NEW YORK (Reuters Health) – The American College of Chest Physicians (ACCP) and the American Association of Cardiovascular and Pulmonary Rehabilitation (AACVPR) have issued new evidence-based guidelines on the management of patients with chronic obstructive pulmonary disease (COPD).
The new guidelines are published in the May issue of Chest. The previous recommendations were issued in 1997, and an update was due, stated the chair of the pulmonary rehabilitation guidelines committee, Dr. Andrew Ries of the University of California at San Diego.
Dr. Ries told Reuters Health the new guidelines include 25 new management recommendations.
"There is a focus on strength training, especially in the upper extremities," he explained. These recommendations are "an important component of pulmonary rehabilitation," in addition to the usual recommendations for aerobic exercise, such as walking. "Low- and high-intensity exercises produce positive clinical changes."
"What is not yet recommended is respiratory muscle training. There are some studies that show benefit, but the literature does not yet support it," Dr. Ries said.

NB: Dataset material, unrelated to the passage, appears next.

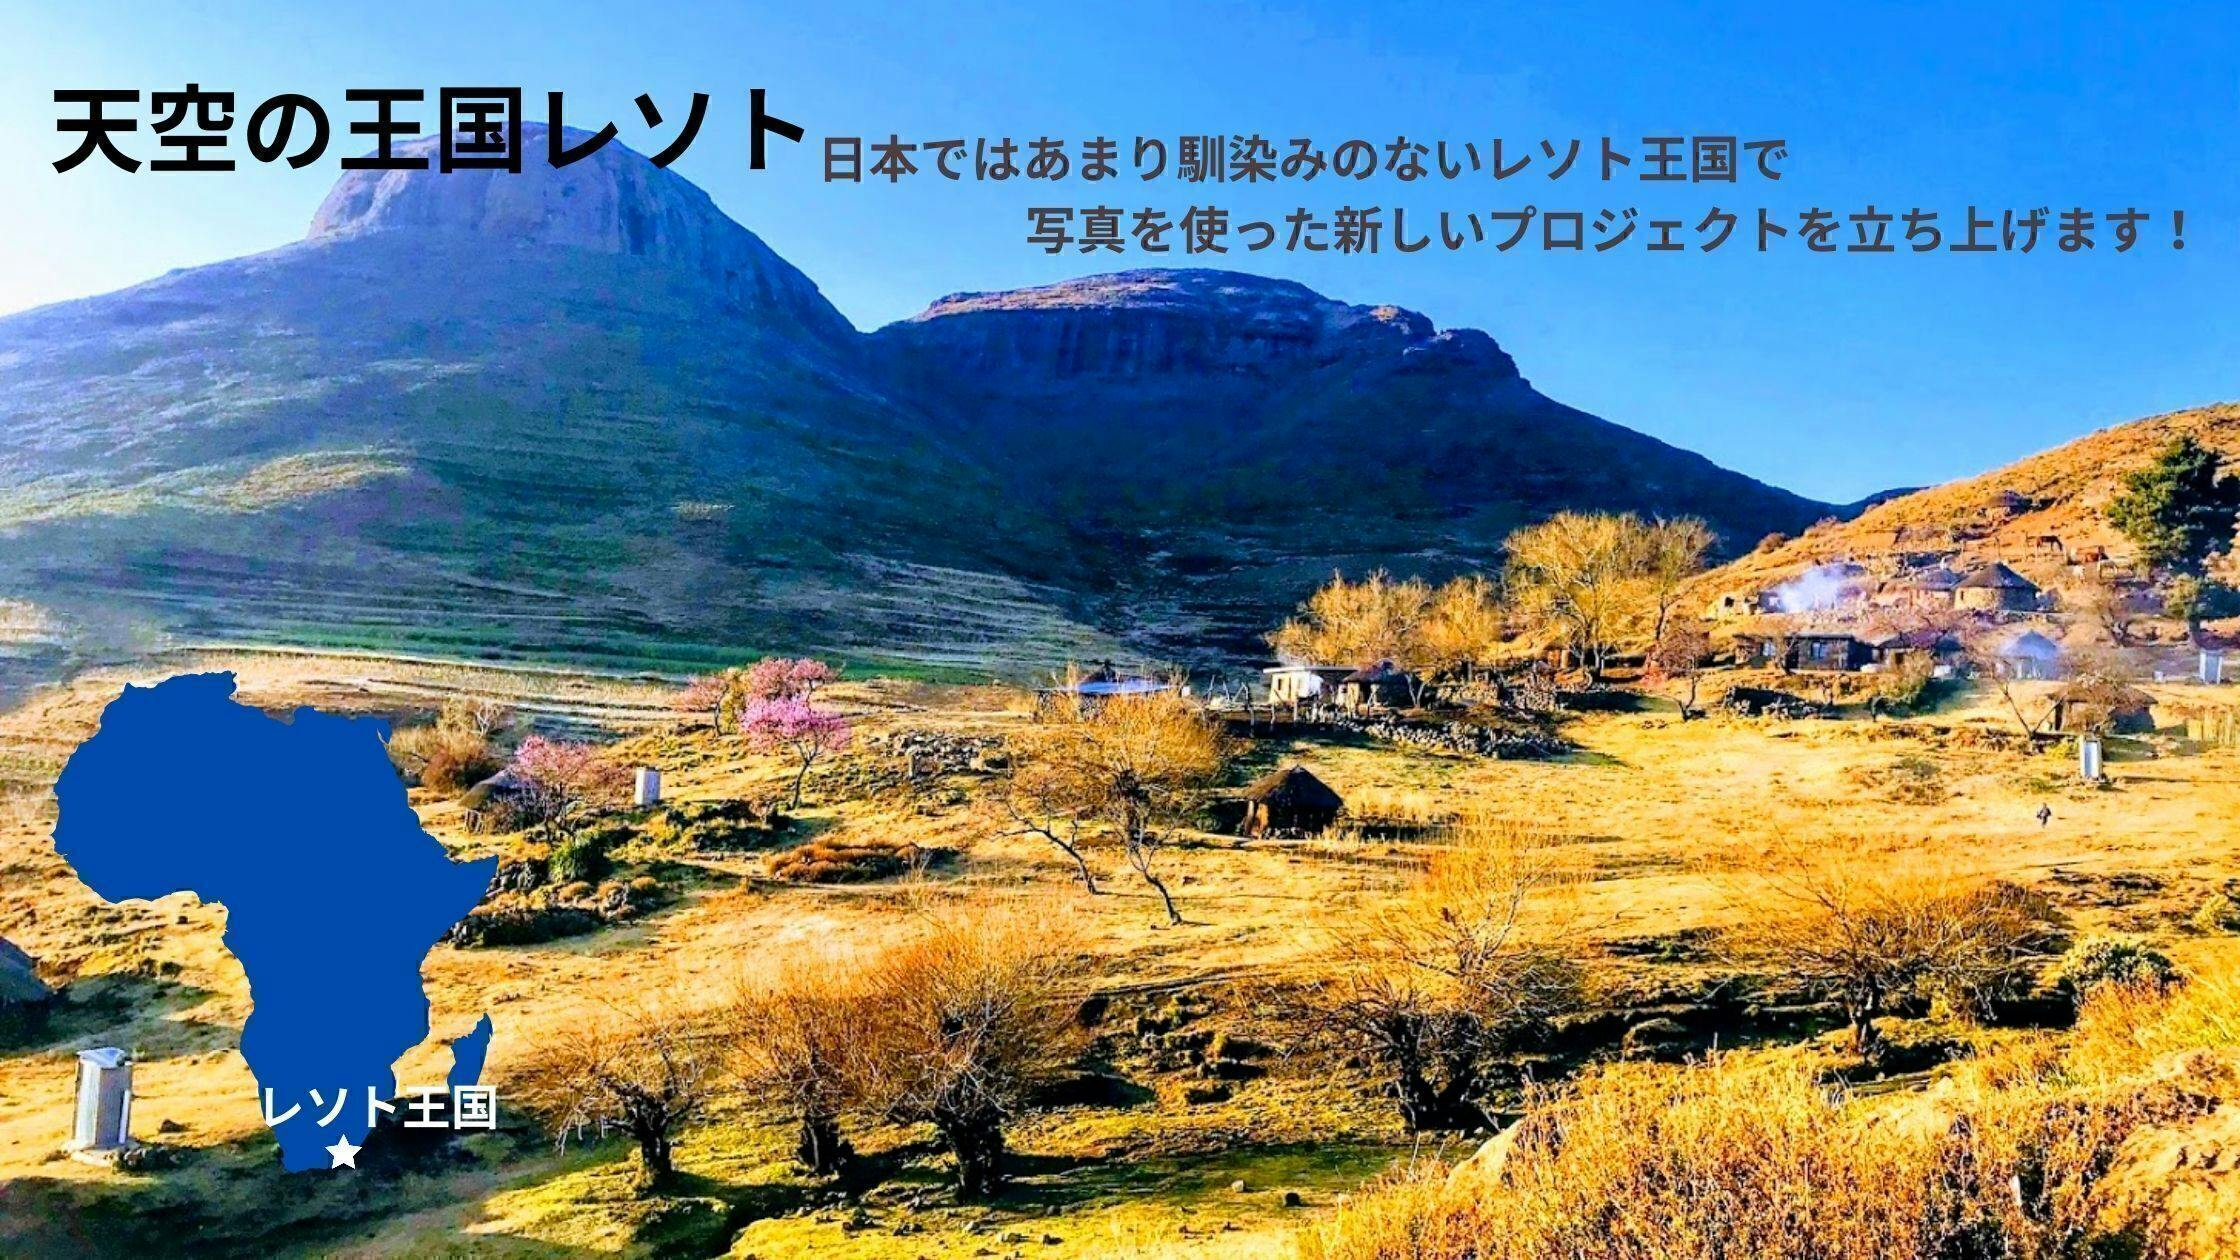 レソト王国 日本 写真を使った新しい形の教育と越境コミュニケーションの実現へ Campfire キャンプファイヤー

Supplemental oxygen "may improve gains in exercise endurance," the guidelines state. Oxygen would be particularly useful for the patient with severe exercise-induced hypoxia.
The emphasis of the update is on increasing independence, level of function, ability to perform activities of daily living and improving quality of life, Dr. Ries pointed out.
"More intriguing is whether or not pulmonary rehab increases survival," Dr. Ries commented. "There is not much more data to support this than was available in 1997."
The data is also limited for specific nutritional therapies and for the use of anabolic steroids and similar therapies for muscle building.
"In general, it is best to start pulmonary rehab immediately after discharge from the hospital, before the patient has fully recovered. The old guidelines recommended increasing activity several weeks later," Dr. Ries added.
"Hospitalized patients are at a very high risk of morbidity and mortality. They are quite vulnerable at the time of discharge." Helping patients with the transition out of the hospital would have strong clinical benefits he commented.
Six to 12 weeks of pulmonary rehab starting at discharge offers clinical benefits that may still be evident 18 months later. The longer the rehab program, the more sustained the benefits, the guidelines state.
"These recommendations for pulmonary rehabilitation are also useful in other (lung diseases), such as pulmonary fibrosis and asthma," Dr. Ries pointed out. Pulmonary rehab can be of benefit for patients with lung cancer, as well.